While there has been a lot of talk and hope that an effective Covid-19 vaccine will be available soon, top experts say an affordable tool that already exists is just as important in the fight against the pandemic: masks.
Dr. Christina Brennan, vice president of clinical research at Northwell Health's Feinstein Institutes for Medical Research, told "60 Minutes" on Sunday that if she had to choose between a mask or a vaccine, a mask is more important.
"With our social distancing, wearing of the mask, the data's already showing that it's been effective. It's, you know, cost savings, and it's effective. And it can go a long way," said Brennan, who oversees multiple clinical trials using drugs such as Remdesivir, which President Donald Trump received on Oct. 2, to treat Covid-19.
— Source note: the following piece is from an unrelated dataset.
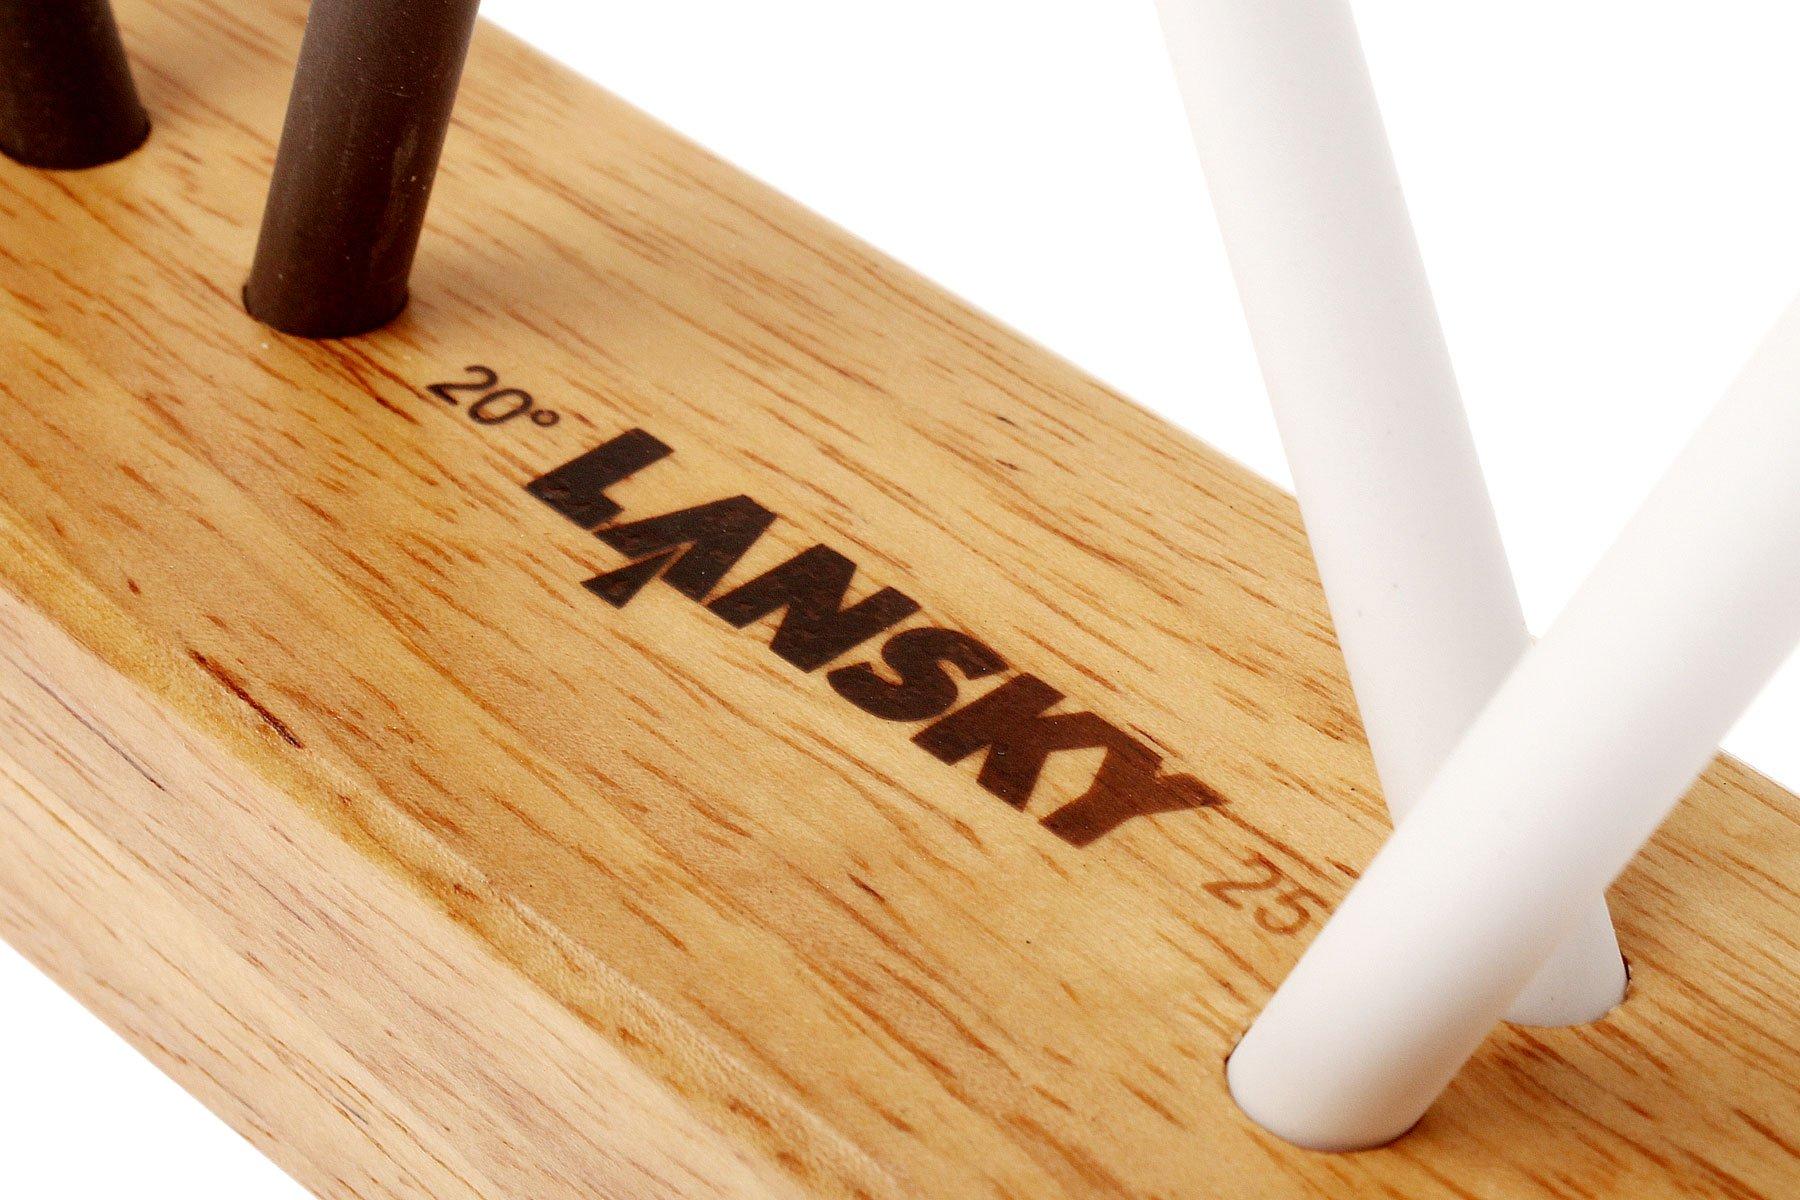 Lansky Turn-Box Knife Sharpener (2023) - Airsoftzone

Dr. David Ho, a world renowned virologist working on developing monoclonal antibody therapies for Covid-19 at Columbia University, who also appeared on "60 Minutes," emphasizes the importance of masks too. He tells CNBC Make It that "masks are key right now." But "we need as many tools in our tool box as we can have in dealing with this pandemic," says Ho, and "vaccines and therapies would make a huge difference as well."
Dr. Kevin Tracey, who spoke to "60 Minutes" and heads the Feinstein Institutes for Medical Research at Northwell Health, says masks are key in tackling Covid-19 now.
"The reality is we know the masks work," Tracey, who is doing clinical trials and research around Covid-19 treatments, tells Make It. But also, "we know we need to make therapies and vaccines."
It's a similar case to HIV, says Tracey: treatments for HIV are "pretty effective," but he still advises people to have safe sex with condoms because they can prevent infection.
Masks are "pretty good" at preventing infection, too, Tracey says. "But neither [masks nor vaccines] are perfect."
Multiple studies throughout the pandemic have found that wearing masks is linked to lower transmission rates. Tracey cited a recent study from Northwell Health that found healthcare workers had a lower infection rate than the general public because they wore PPE at all times.
While the study is good news, Tracey says we still need a vaccine and therapies to fight Covid-19 going forward. He predicts effective Covid-19 therapies will be readily available in another year or two.